I have been buying locally made flux core solder in several different sizes. .015" for surface mount projects, .032" for PC Cards and small stuff and .062" for XLR connectors and such. I usually go through a few pounds of solder every year.

Before we let someone solder connections in the field they have to do 1,000 connectors at the bench correctly.
 
I am not sure. I also was taught to make a mechanically sound connection first, which I understood to mean do not rely on the solder for mechanical strength as solder creeps under strain.. But I can certainly see how it could be interpreted as "protecting the mechanical connection".

I believe we all are thinking along the same lines..

Jn


Indeed, properly mounting the component first is definitely the key to good assembly practices.
Then flowing solder to lock the assembly the assembly and provide a solid electrical connection.
 
I wrote a bit of a thesis on choosing solder. You can find it here: Choosing solder: A guide for hobbyists and pros alike.

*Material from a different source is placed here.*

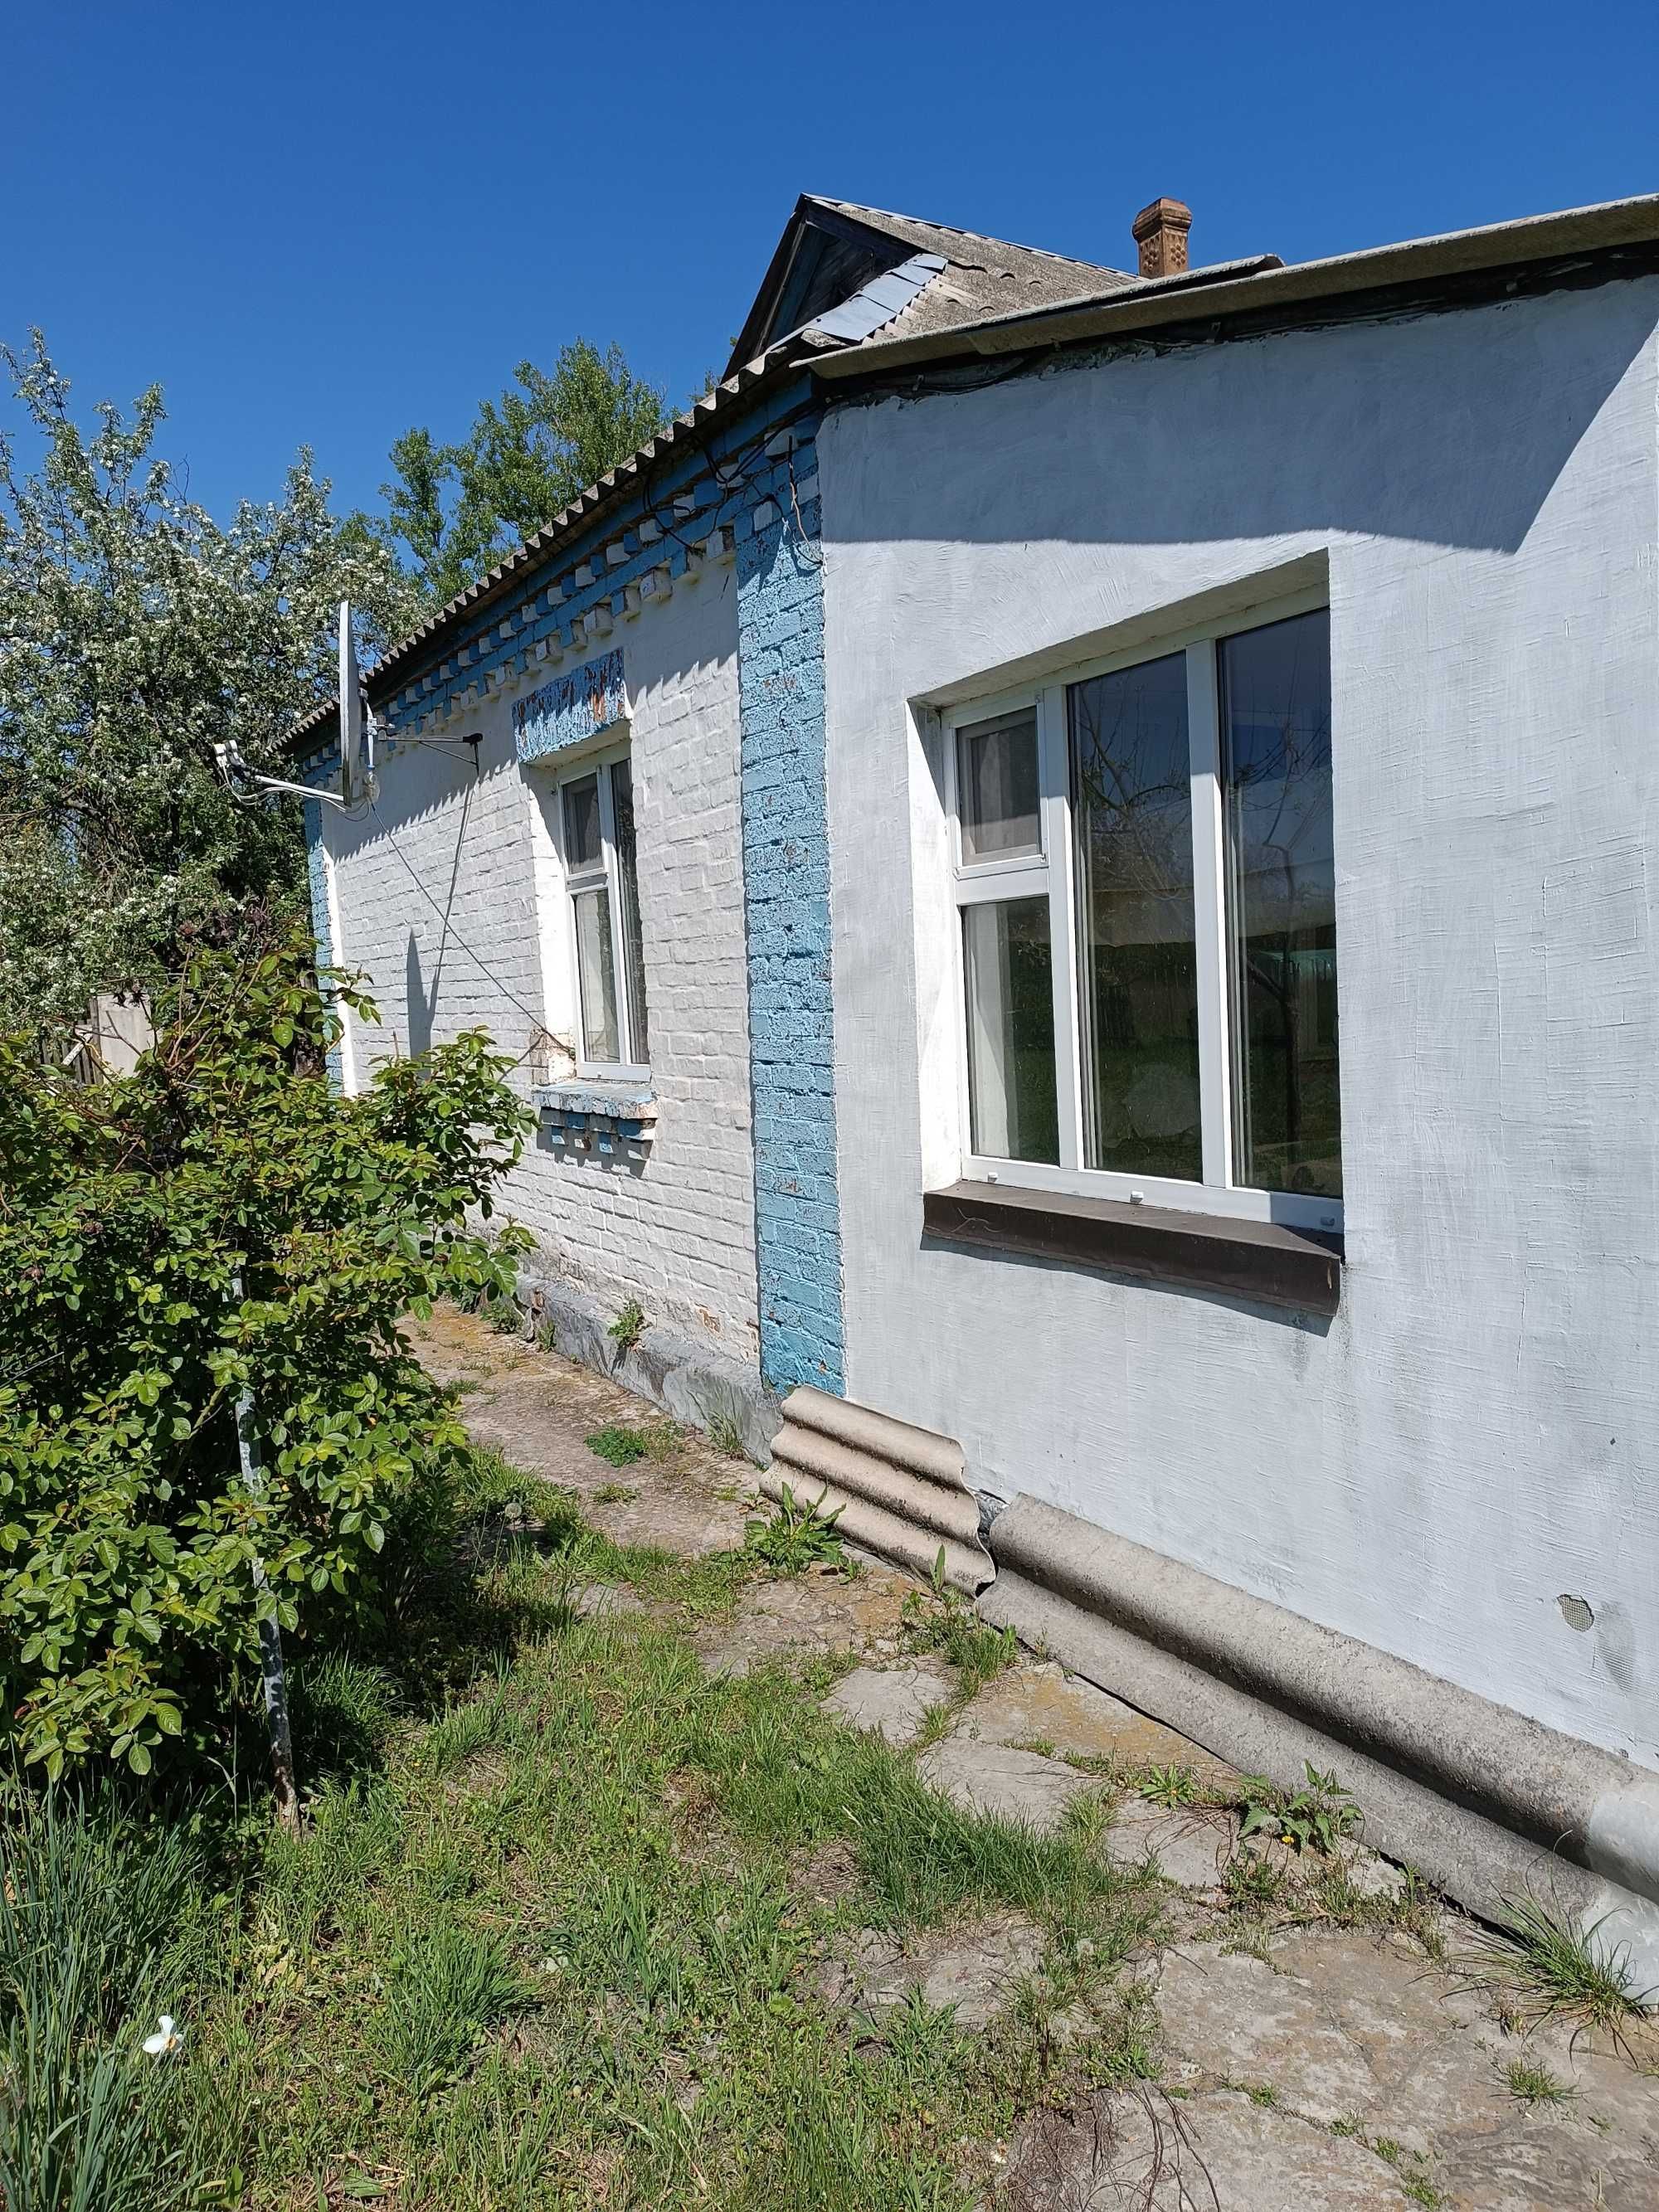 Продам будинок в селі Коржі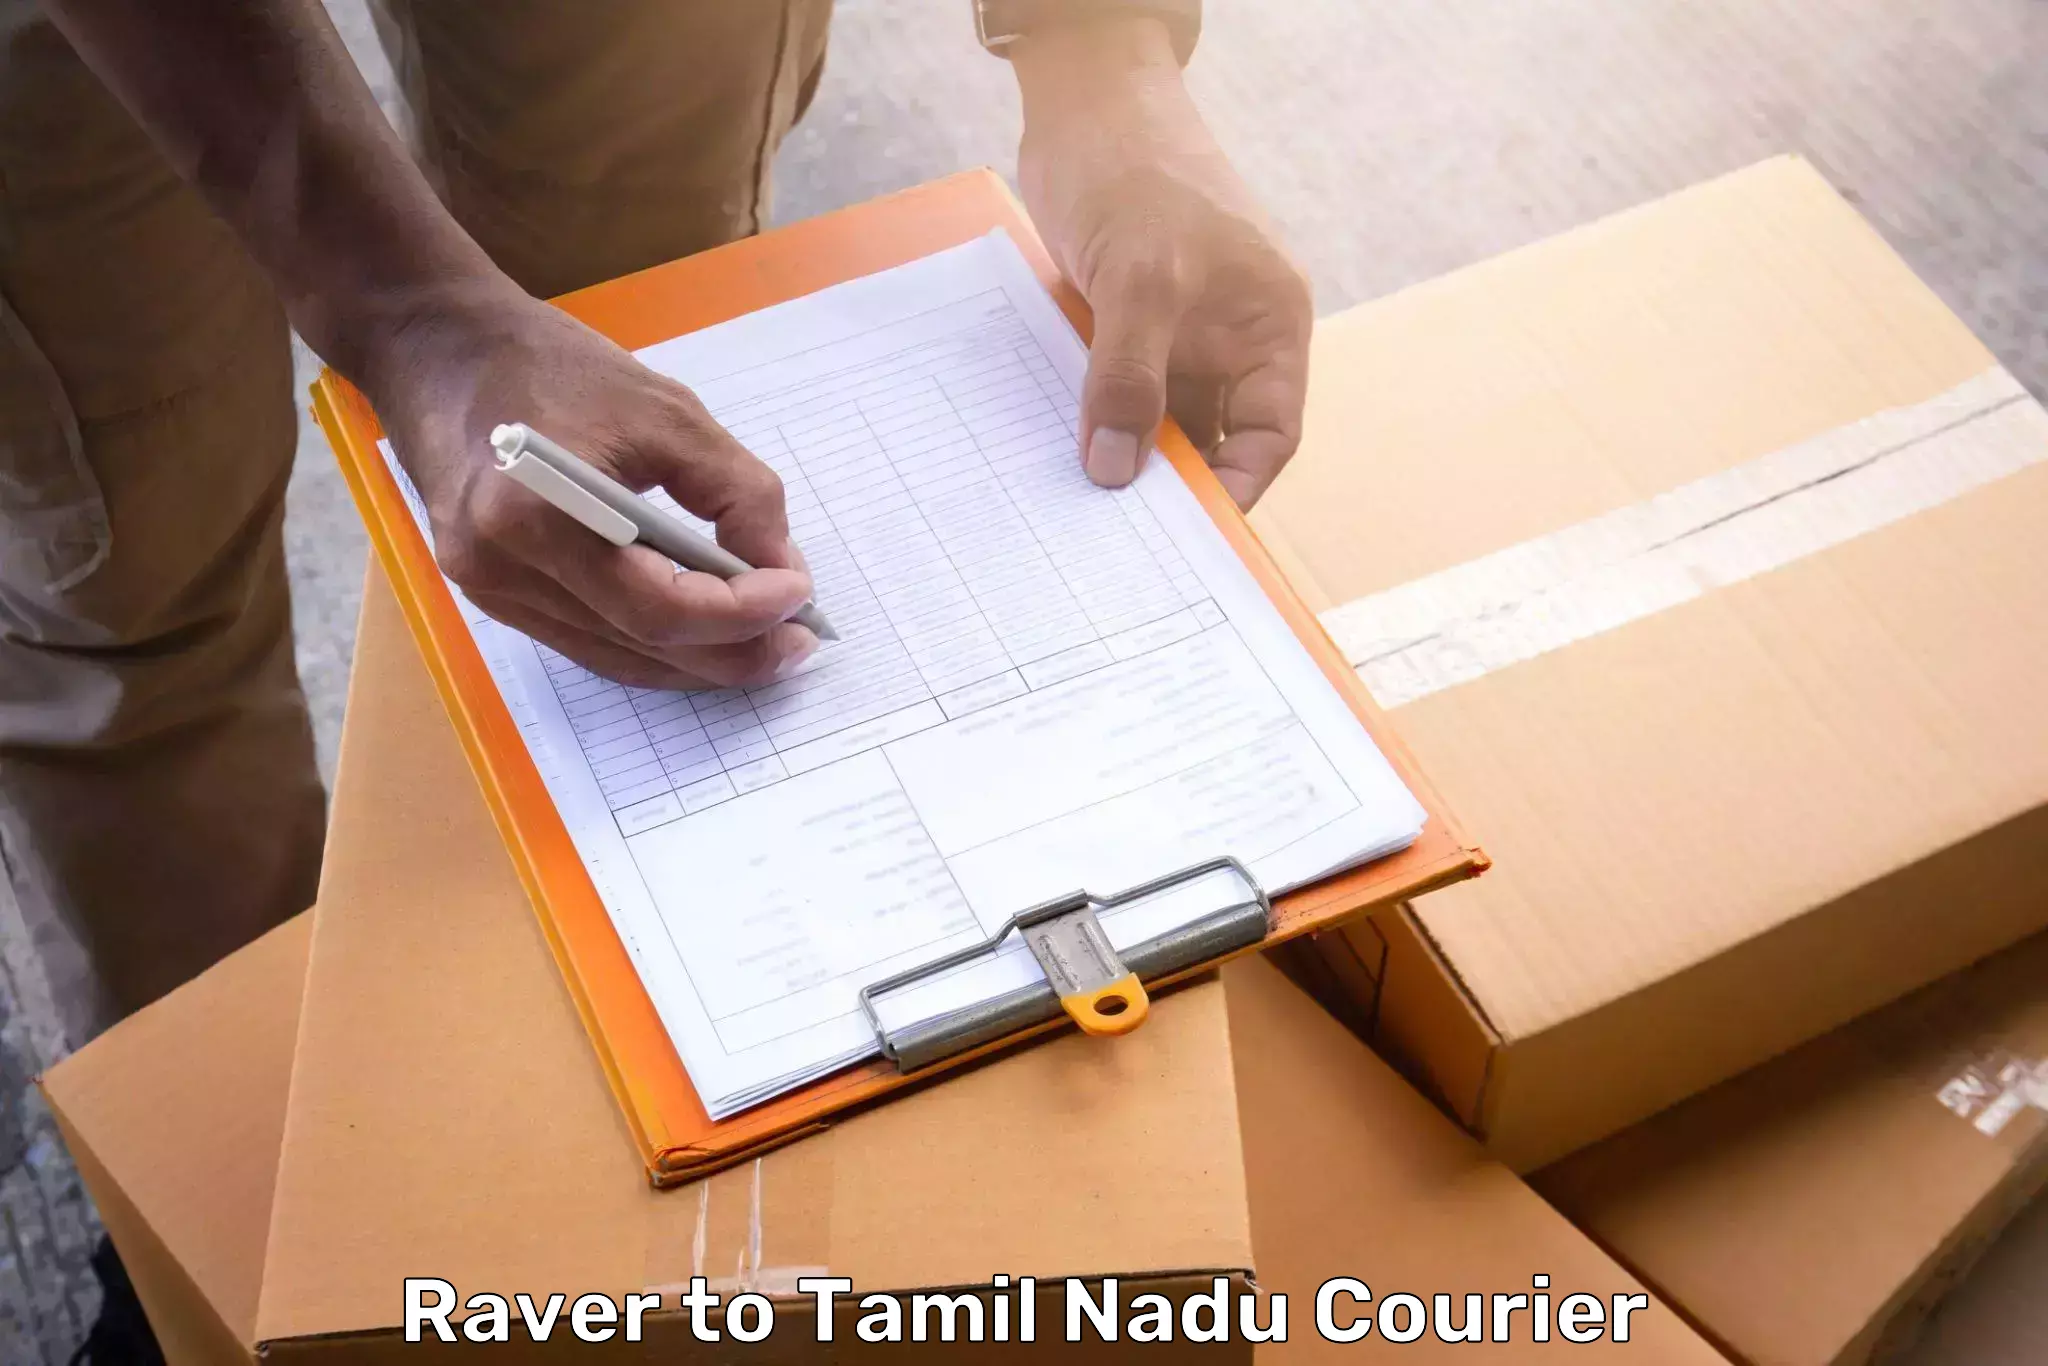 Baggage transport network Raver to Thirukkattupalli

I just picked up a 1 lb spool of 0.5 mm diameter 63/37 (Sn/Pb) solder with water-soluble flux from Mouser as I was running low.

Tom

Nice article. I normally only do prototypes by hand so I use 63/37 RMA and clean it when important or it has to last a while 🙂.

For leaded no-clean solder paste, I've had good luck with Kester EP256 63/37.
 
I wrote a bit of a thesis on choosing solder. You can find it here: Choosing solder: A guide for hobbyists and pros alike.

I just picked up a 1 lb spool of 0.5 mm diameter 63/37 (Sn/Pb) solder with water-soluble flux from Mouser as I was running low.

Tom

Good read and timely. I'm old-school from the 70s and 80s and we didn't follow some of the basic safety rules for lead and smoke exposure at those times, and anything more than 63/37 was too exotic to fool with. These things are relevant now and worthwhile for every DIYer to know. It's harder for old geezers like me to keep up with all these different and incompatible solders, so I feel an annual reread of materials is good practice.
 
I found it after getting extremely frustrated with (what I thought was) my own soldering skills. I thought I was just getting bloody awful at it/soldering iron was dying/crappy PCB's, etc etc

And then I bought some solder from the local store and all was well! There's a lot of dodgy solder out there it would seem...
 
I found it after getting extremely frustrated with (what I thought was) my own soldering skills. I thought I was just getting bloody awful at it/soldering iron was dying/crappy PCB's, etc etc

And then I bought some solder from the local store and all was well! There's a lot of dodgy solder out there it would seem...

If you have old solder, just get a flux pen or paste, it'll make it work.